### TASK DATA

-.-.-

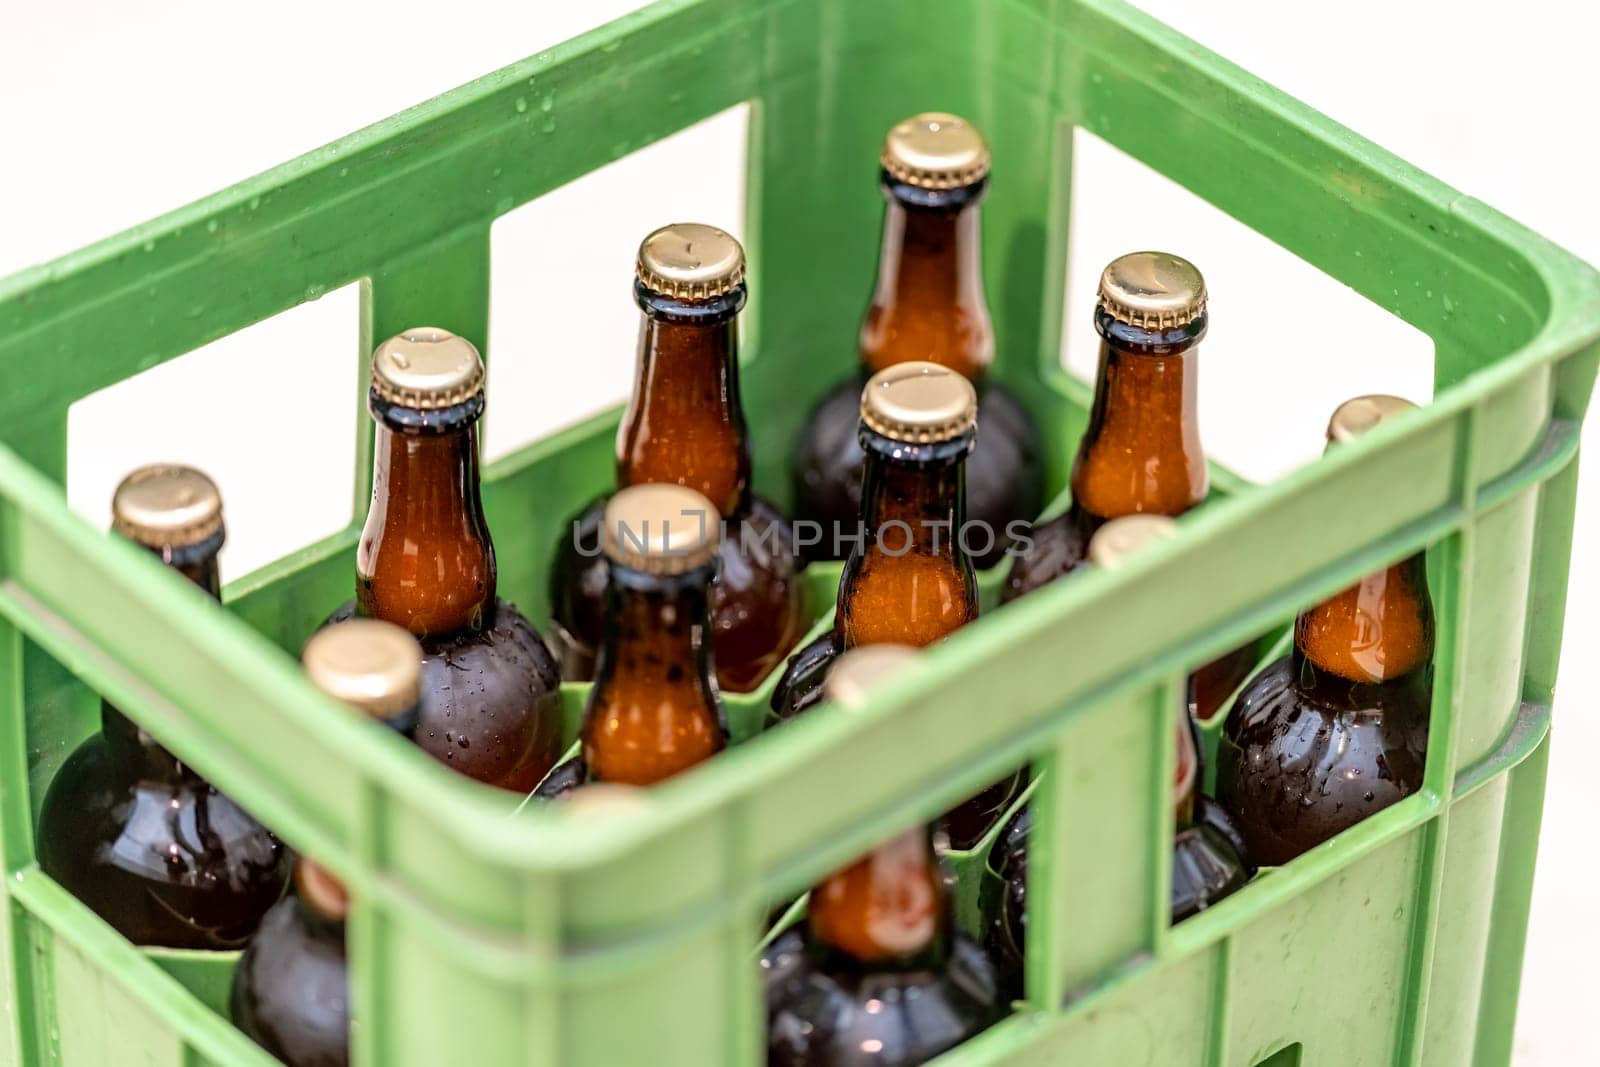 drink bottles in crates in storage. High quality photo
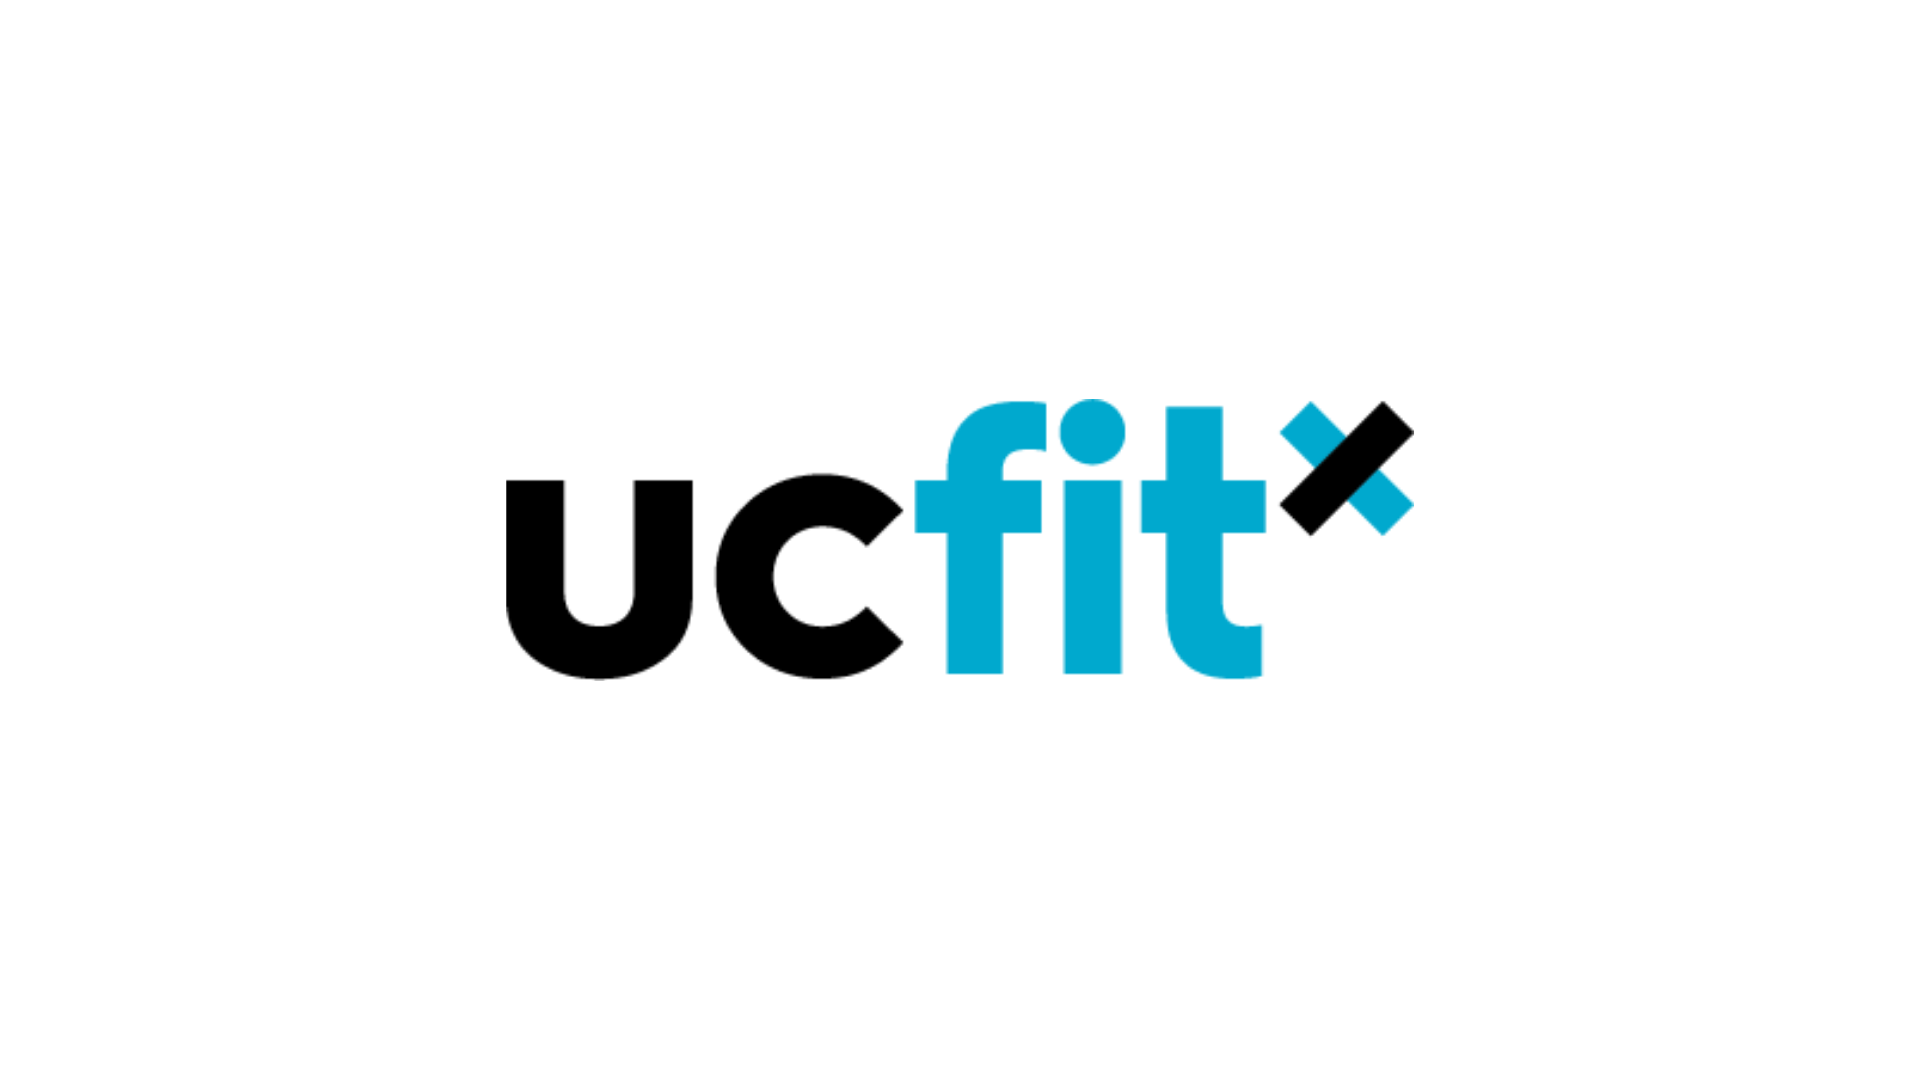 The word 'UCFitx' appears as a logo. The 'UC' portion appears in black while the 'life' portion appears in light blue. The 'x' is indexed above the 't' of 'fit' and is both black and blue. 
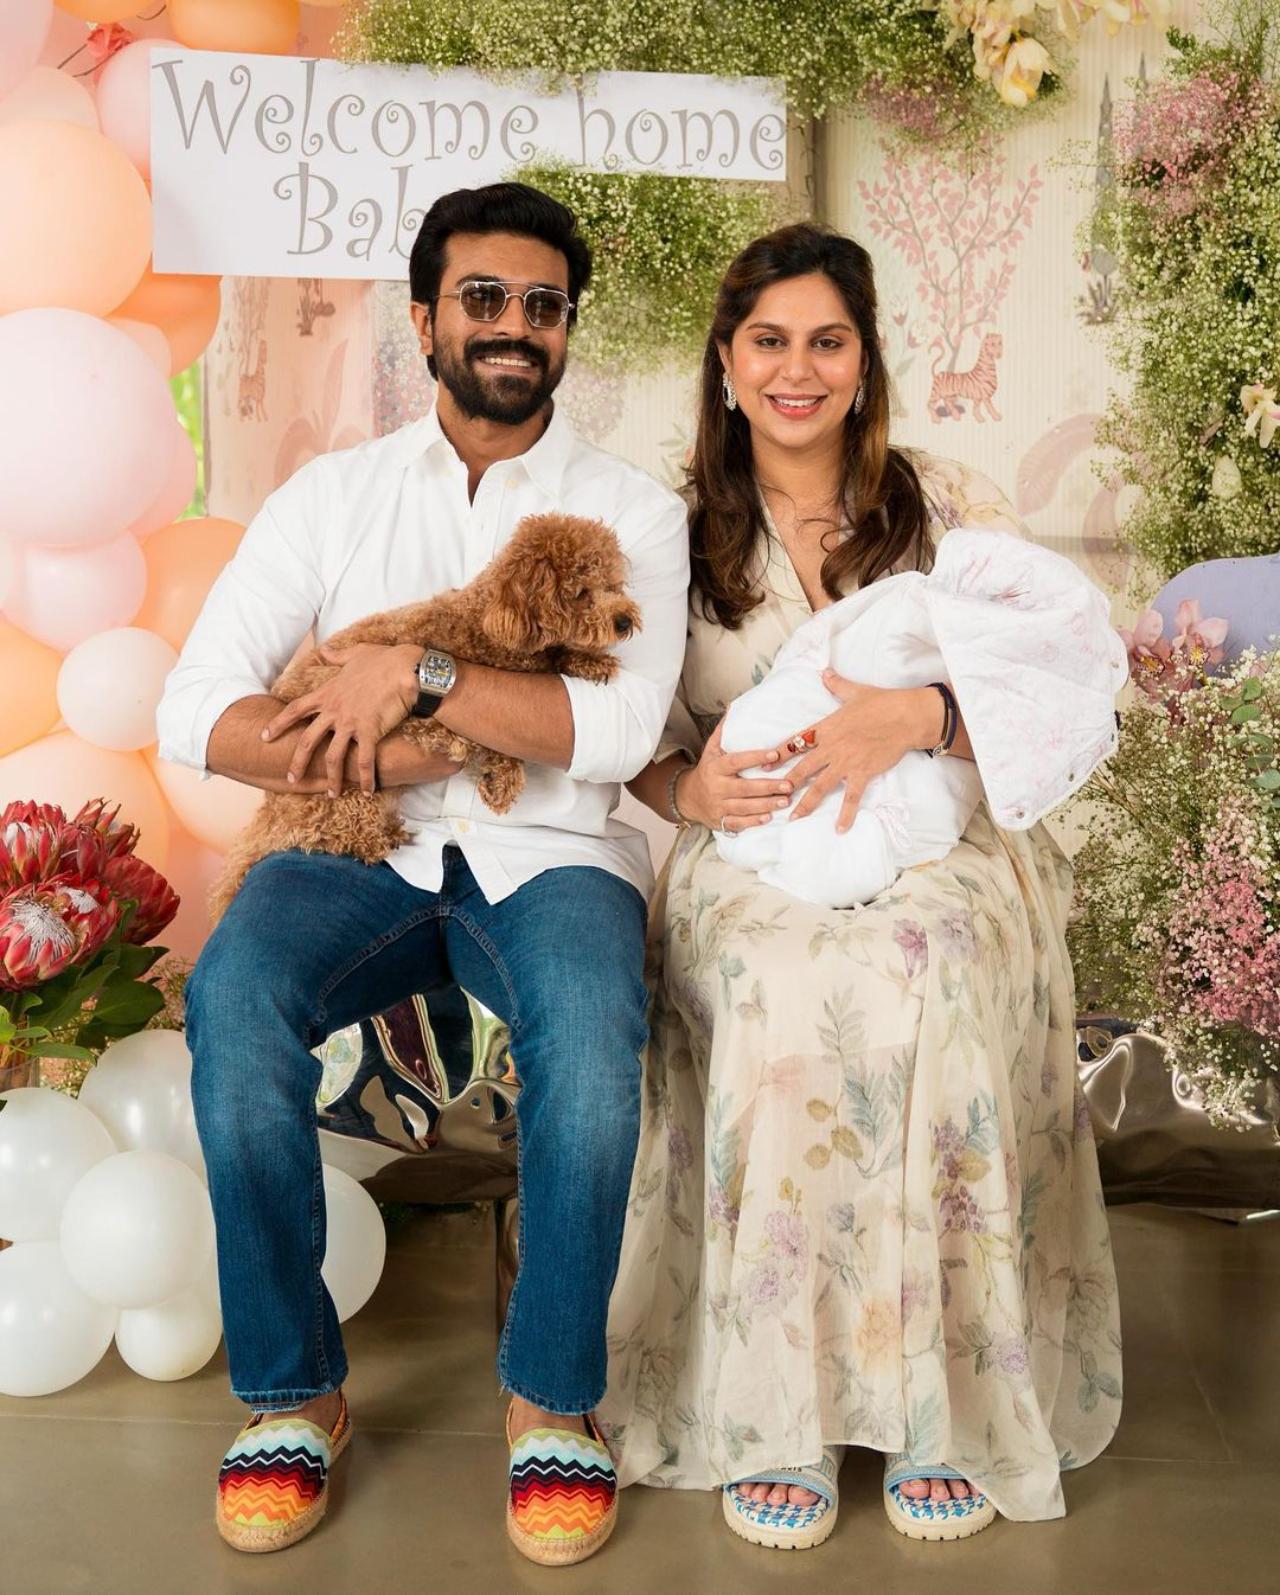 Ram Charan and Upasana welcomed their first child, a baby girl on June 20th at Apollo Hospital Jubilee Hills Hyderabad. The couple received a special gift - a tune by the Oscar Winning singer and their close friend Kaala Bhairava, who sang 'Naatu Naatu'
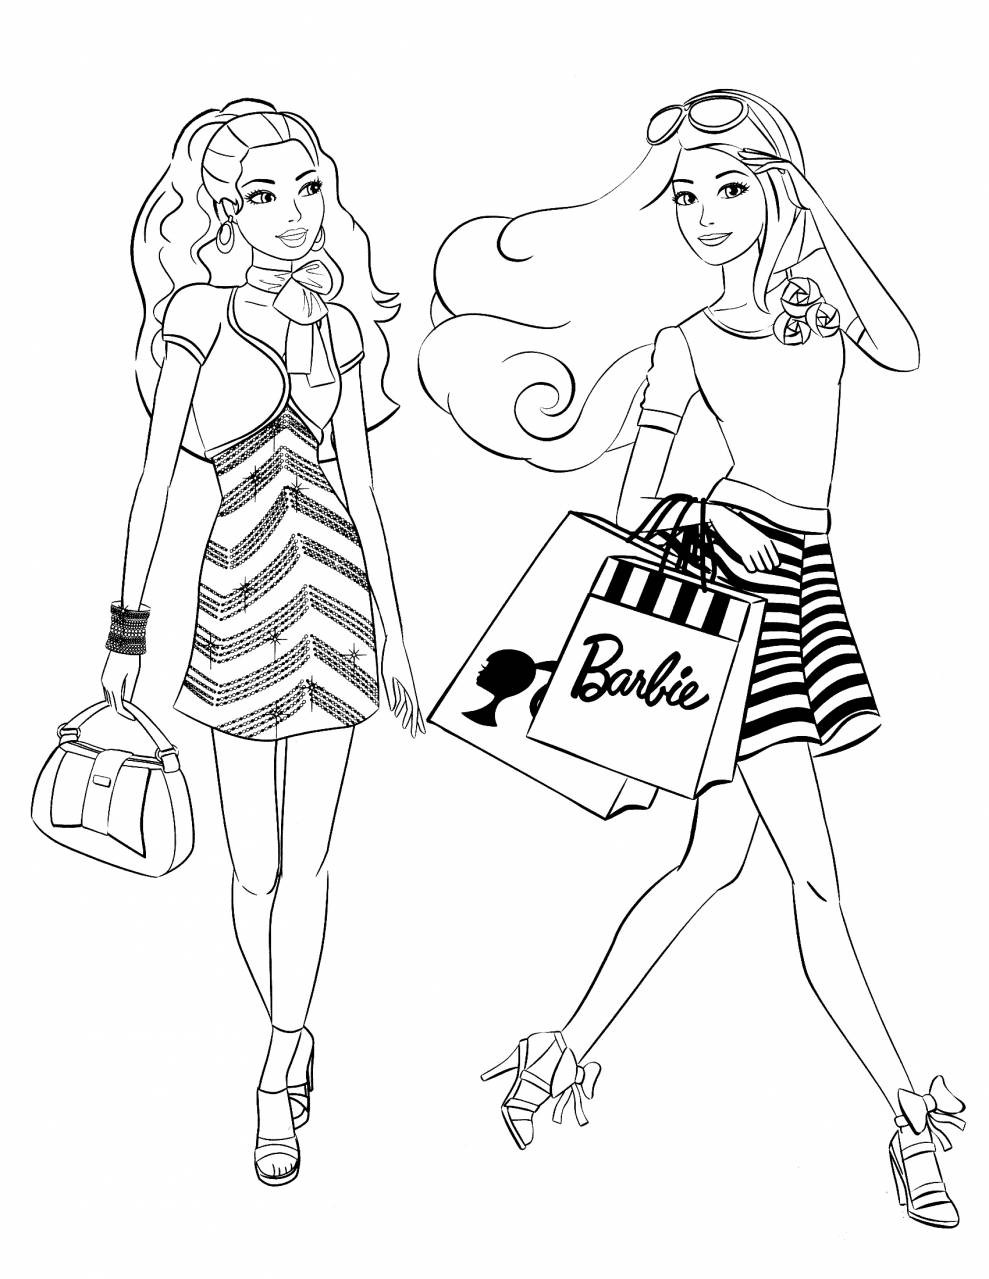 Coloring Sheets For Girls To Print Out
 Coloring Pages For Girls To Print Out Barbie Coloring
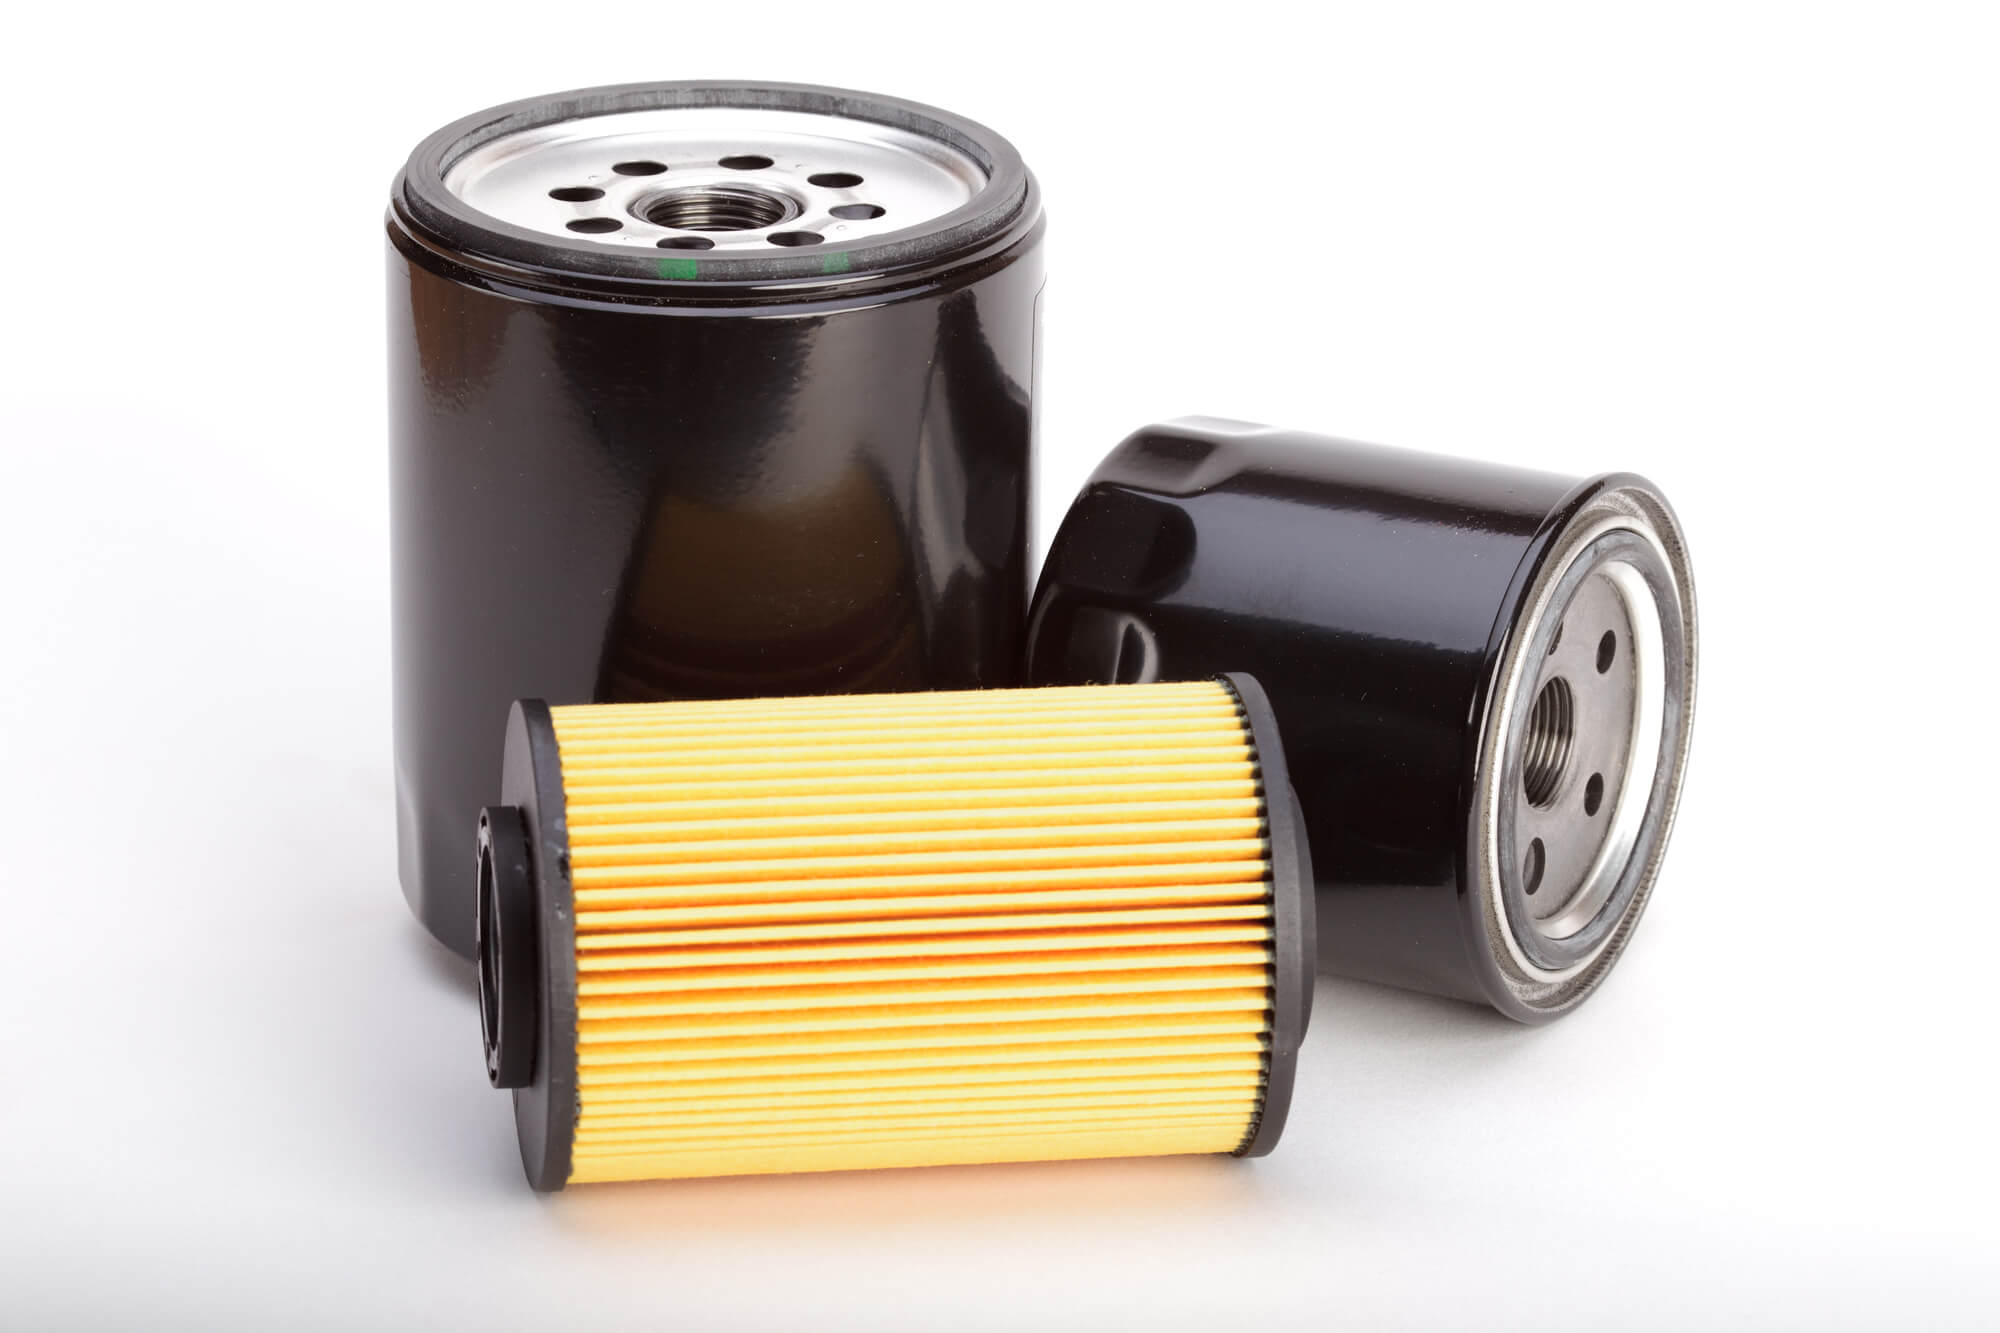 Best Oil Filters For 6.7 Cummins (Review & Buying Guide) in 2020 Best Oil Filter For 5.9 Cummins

-.-.-

### YOUR ASSIGNMENT
Repeat the data above exactly, images excluded.

### YOUR RESPONSE
 drink bottles in crates in storage. High quality photo
 The word 'UCFitx' appears as a logo. The 'UC' portion appears in black while the 'life' portion appears in light blue. The 'x' is indexed above the 't' of 'fit' and is both black and blue. 
 Ram Charan and Upasana welcomed their first child, a baby girl on June 20th at Apollo Hospital Jubilee Hills Hyderabad. The couple received a special gift - a tune by the Oscar Winning singer and their close friend Kaala Bhairava, who sang 'Naatu Naatu'
 Coloring Sheets For Girls To Print Out
 Coloring Pages For Girls To Print Out Barbie Coloring
 Best Oil Filters For 6.7 Cummins (Review & Buying Guide) in 2020 Best Oil Filter For 5.9 Cummins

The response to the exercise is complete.